- Active: November 1941–December 1941
- Country: British Hong Kong
- Branch: British Army
- Type: Machine gun battalion
- Size: One battalion authorized
- Motto(s): 保衛蘆舍 (Protecting One's Home)
- Engagements: Battle of Hong Kong

Commanders
- Notable commanders: Major H. W. Mayer (or Rodney W. Mayer, CO)

= Hong Kong Chinese Regiment =

The Hong Kong Chinese Regiment (HKCR) was a regiment that was raised by the British Army shortly before the Battle of Hong Kong during World War II.

==History==
The idea of recruiting more local Hong Kong Chinese for the defence of the colony began as early as 1936, with the number of Chinese sappers employed by the British increasing to 250. With the outbreak of the Second Sino-Japanese War in the following year, the British recruited 250 Hong Kong Chinese gunners to support British artillery units based in Hong Kong. By 1941, Chinese gunners and sappers were dispersed throughout the various units in Hong Kong.
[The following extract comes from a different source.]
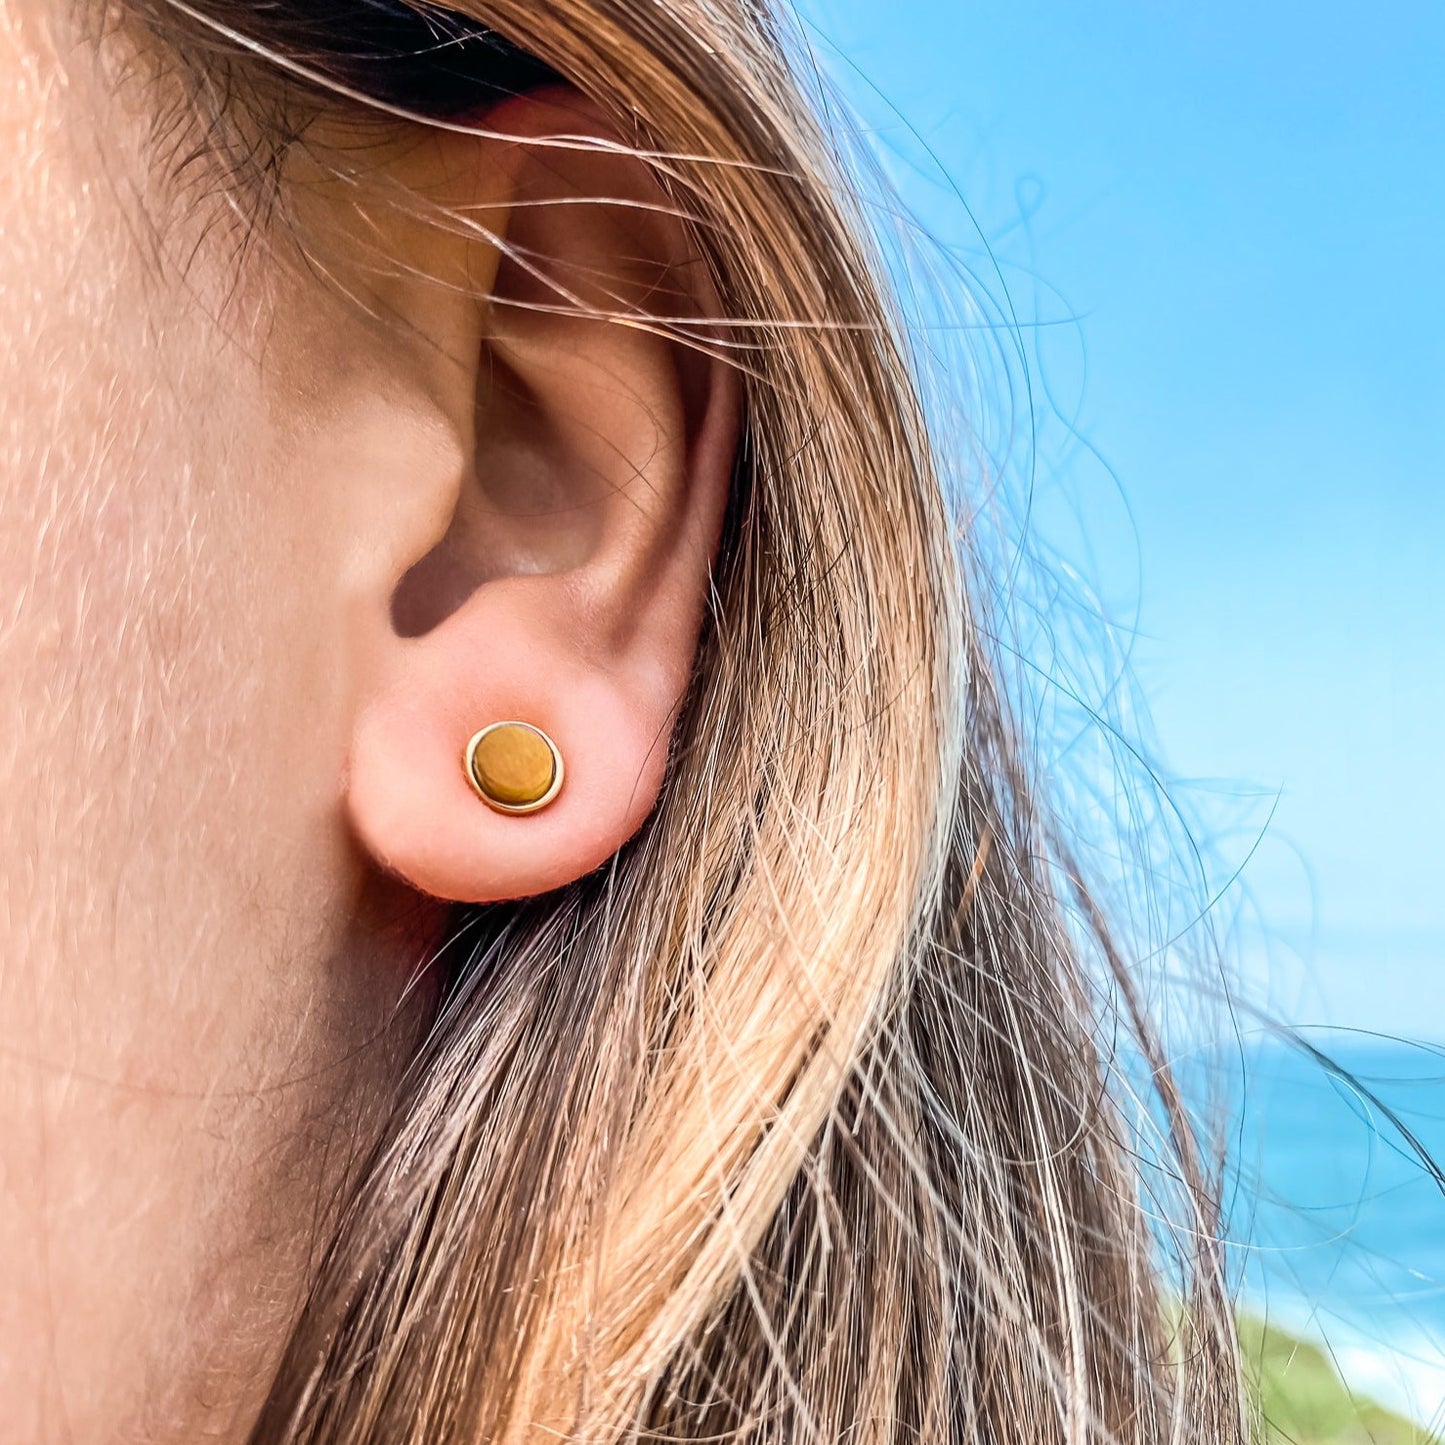 5mm Round Stud Yellow Gold Plated Earrings in Yellow Dyed Feldspar Natural Gemstone Made by Born to Rock. Online Jewelry Based in San Diego California

In November 1941, a month before the Japanese invasion of Hong Kong, the War Office agreed to form the Hong Kong Chinese Regiment, a battalion-sized military unit. Believing it was necessary to recruit a solid core of potential NCOs, and train them up using experienced officers and non-commissioned officers (NCOs) to the point where the regiment's first battalion could be built. The battalion was originally intended as a machine gun battalion similar to the 1st Middlesex Regiment, whose officers were providing the training cadre for the regiment. However, by the time the Battle of Hong Kong broke out, only a platoon-sized group had completed training.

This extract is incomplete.